The memorandum was controversial as it raised a lot of questions from the tax professional community. How will employers and their payroll providers implement this on such short notice? Can the president unilaterally forgive tax liabilities? What happens if employers don’t comply? And how does this help people who are jobless because of COVID-19? And since payroll taxes fund Social Security, will this affect its solvency?
On August 25, almost a week before the memorandum was to take effect, the IRS issued Notice 2020-65 which provided guidance on implementing the memorandum. The three page notice stated that employers can increase their employees’ take-home pay starting September 1, 2020, by deferring the withholding of their payroll taxes until December 31, 2020. But this deferral must be paid back by withholding this amount ratably between January 1, 2021 and April 30, 2021.

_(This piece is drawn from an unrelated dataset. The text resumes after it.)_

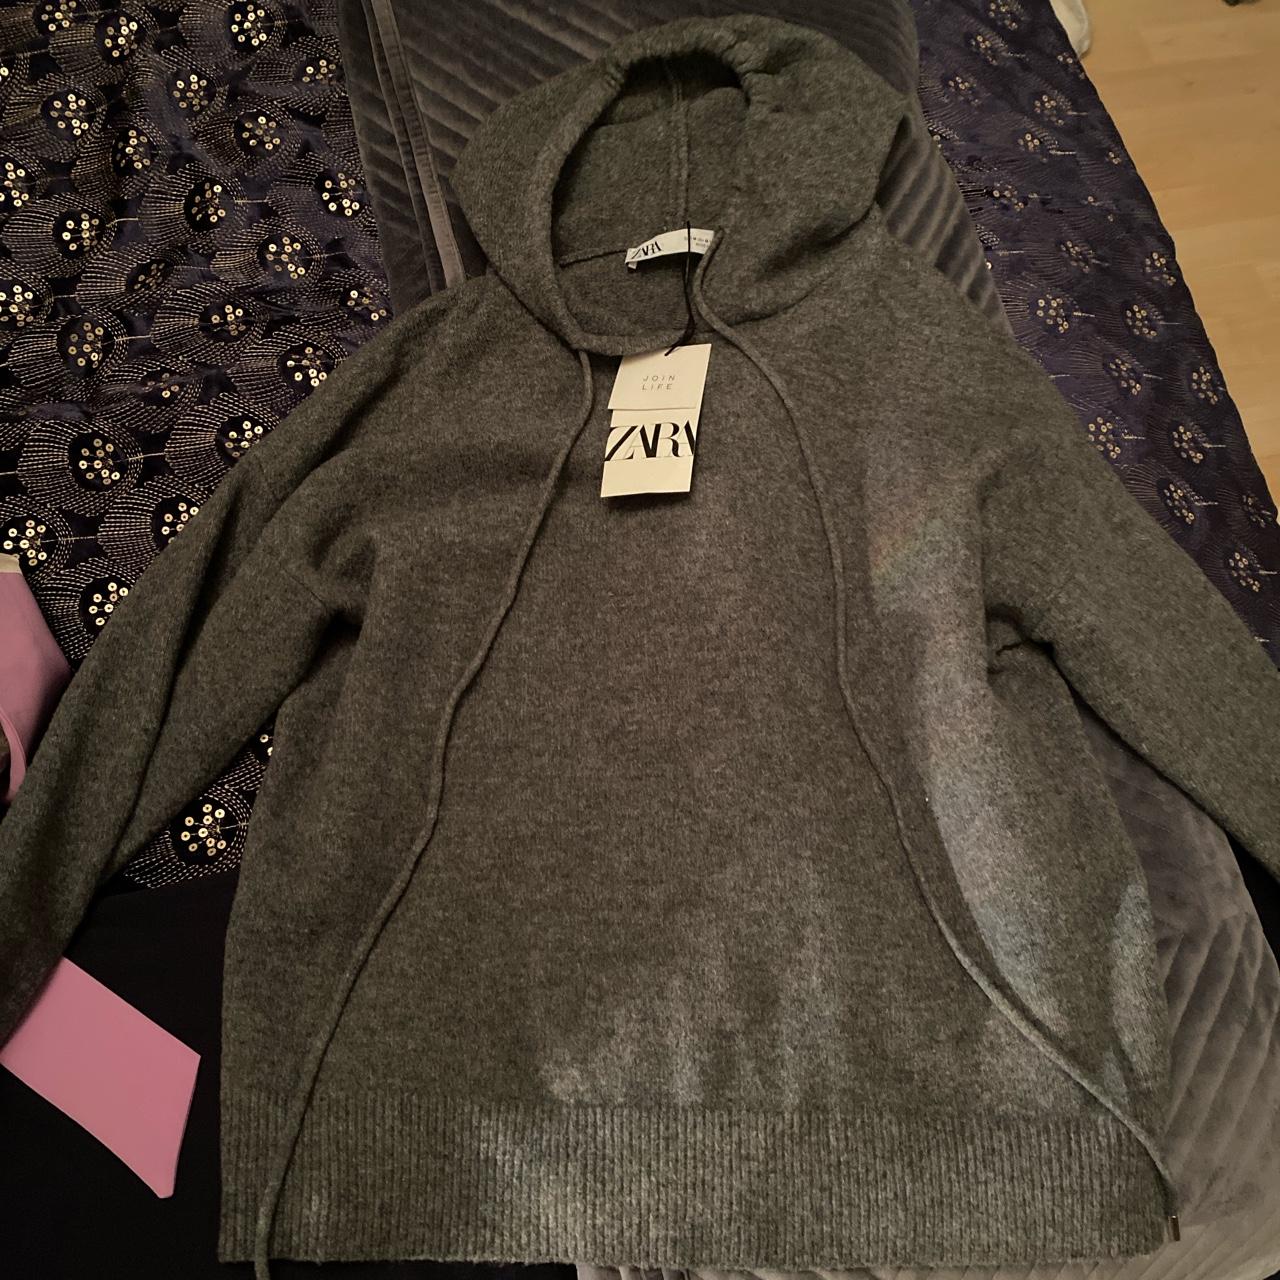 Zara brand new with tags knit hoodie. Size medium-... - Depop
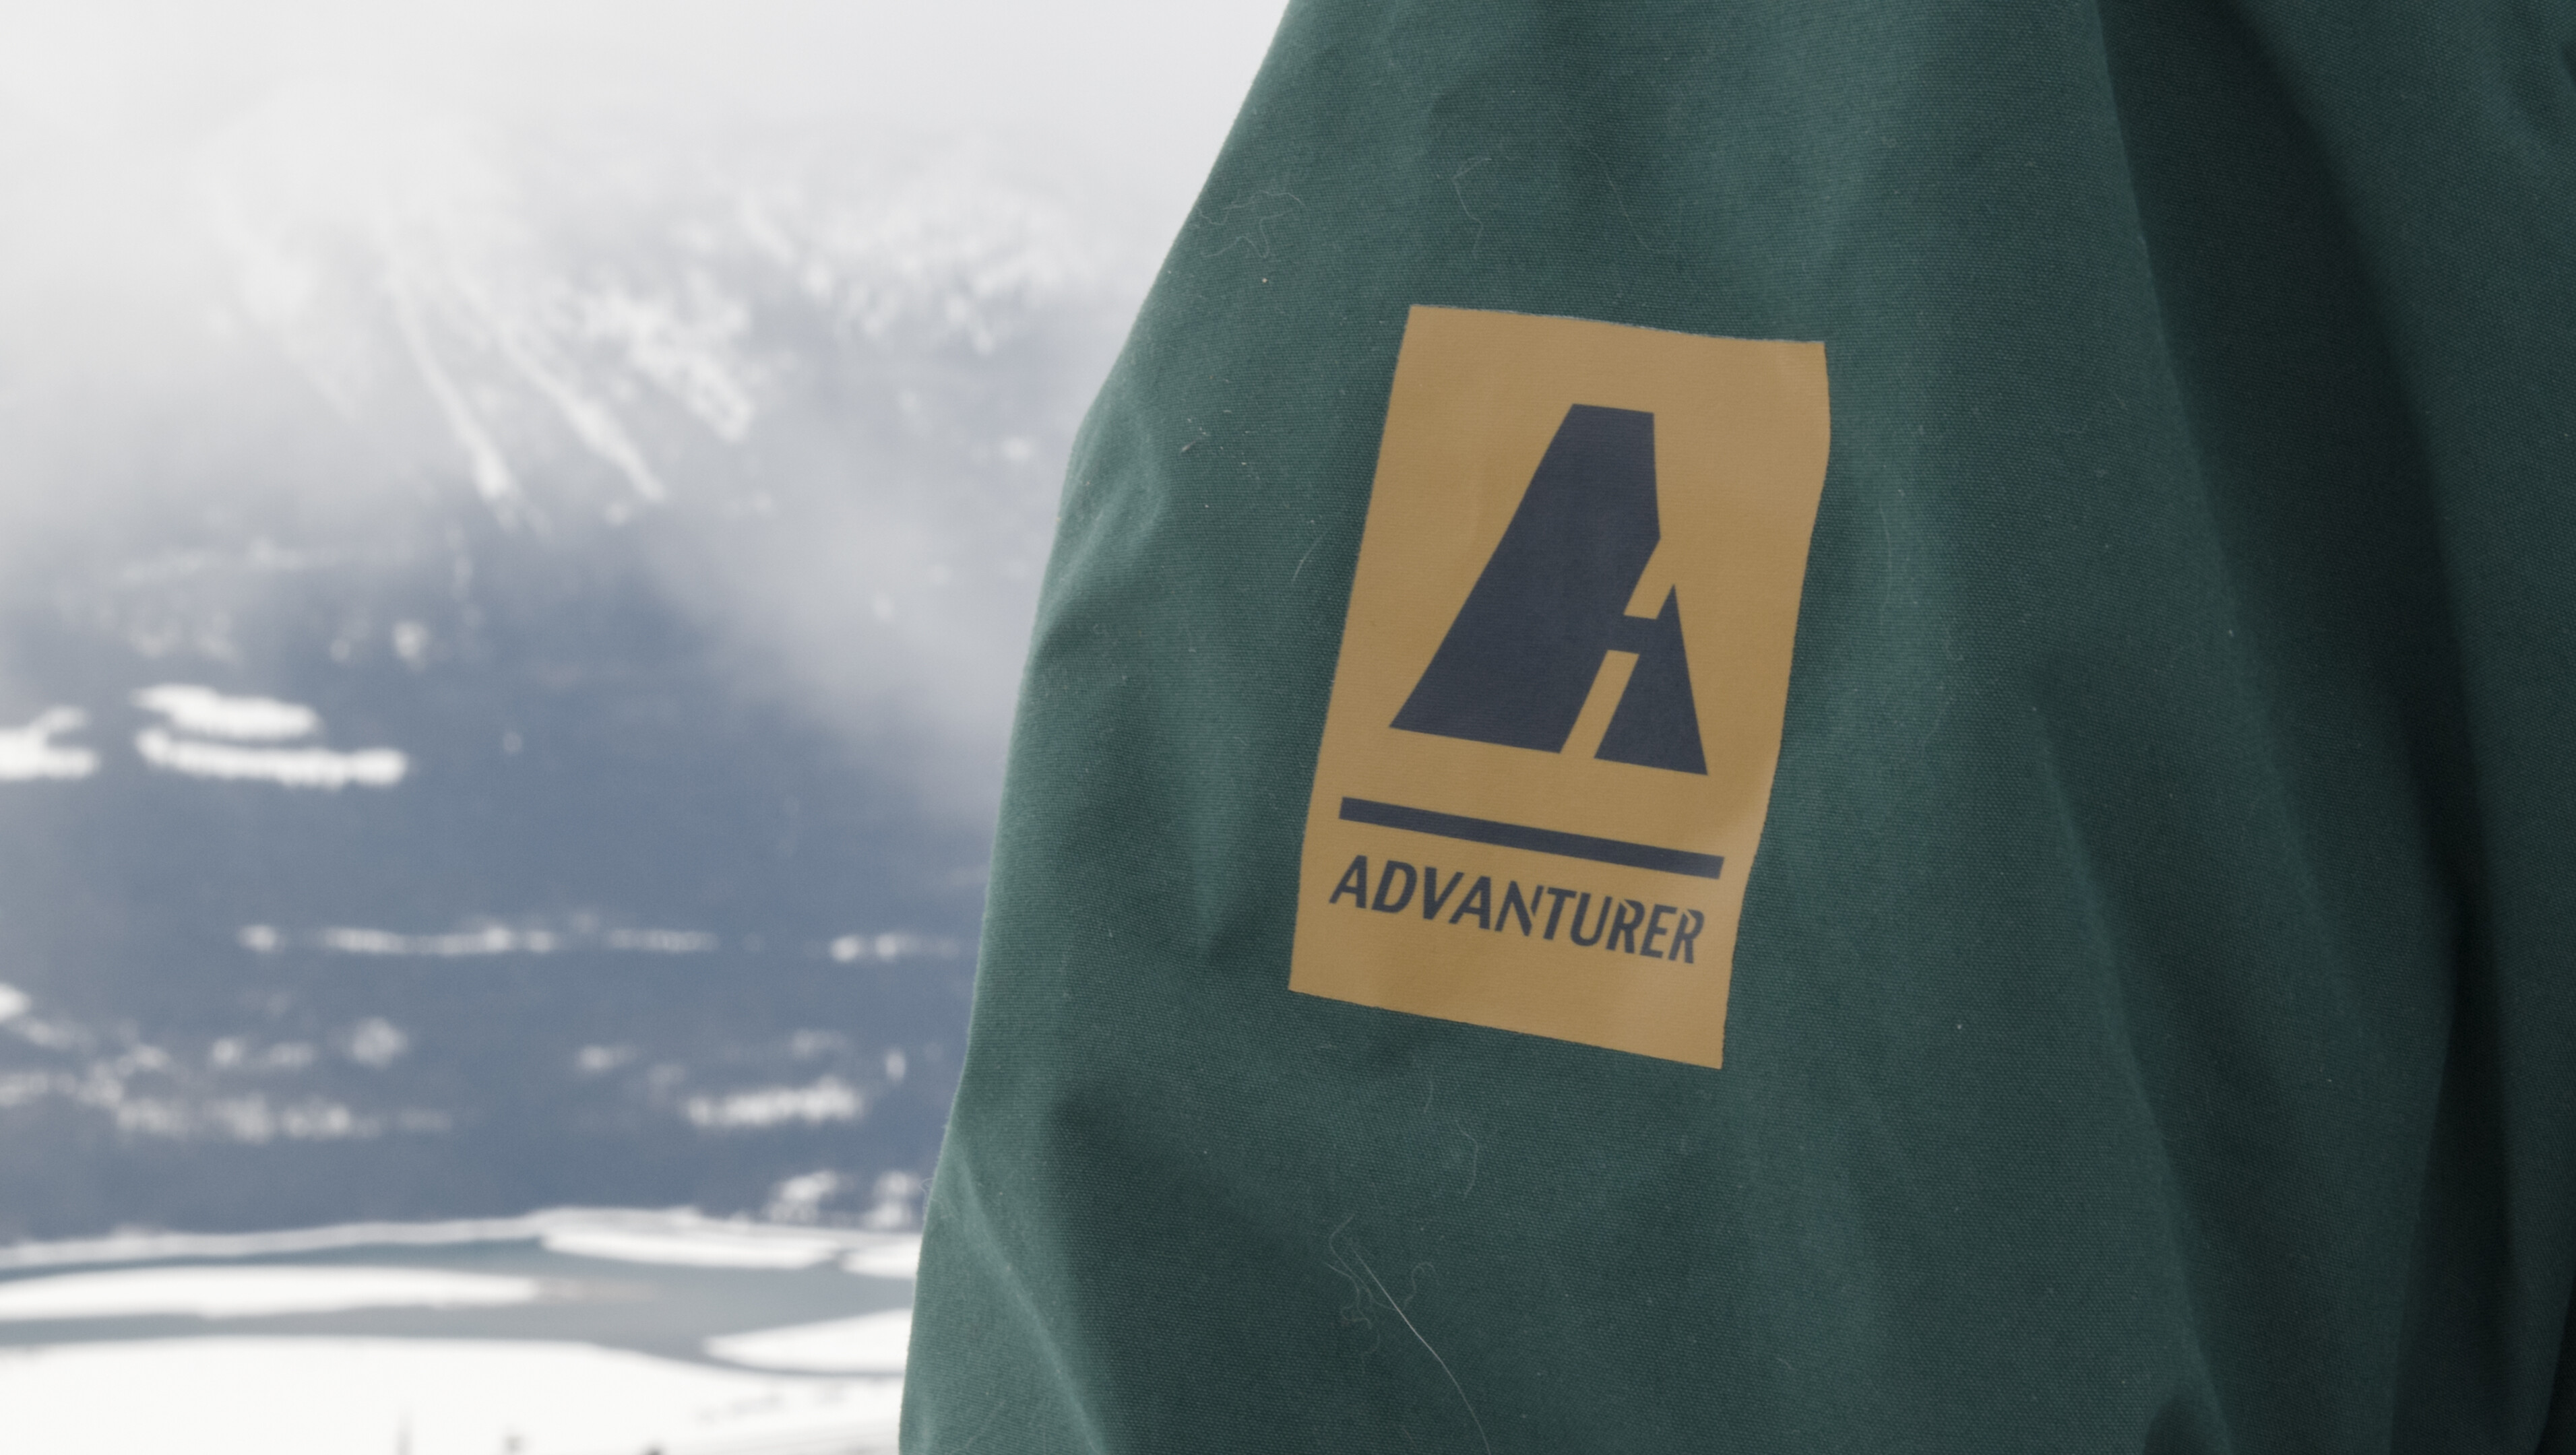 The Advanturer logo on a piece of clothing

So basically this so-called relief order is really just a short-term loan.
Also, what happens if the employer cannot pay due to unforeseen circumstances? For example, when an employee stops working for the employer during the January-to-April payback period. It is likely that the employer will then be responsible for the tax. But this creates a problem for the employer that goes beyond getting an annoying letter from the IRS. You see, an employer is required to withhold the employee’s share of the payroll taxes and they are deemed to hold the withheld money in trust to pay the IRS. If the employer does not pay, the IRS doesn’t go after the employee. They go after the employer for that withheld money and call that the trust fund penalty. The government takes this penalty so seriously that they specifically made it nondischargeable in bankruptcy. So it is slightly worse than a student loan bill.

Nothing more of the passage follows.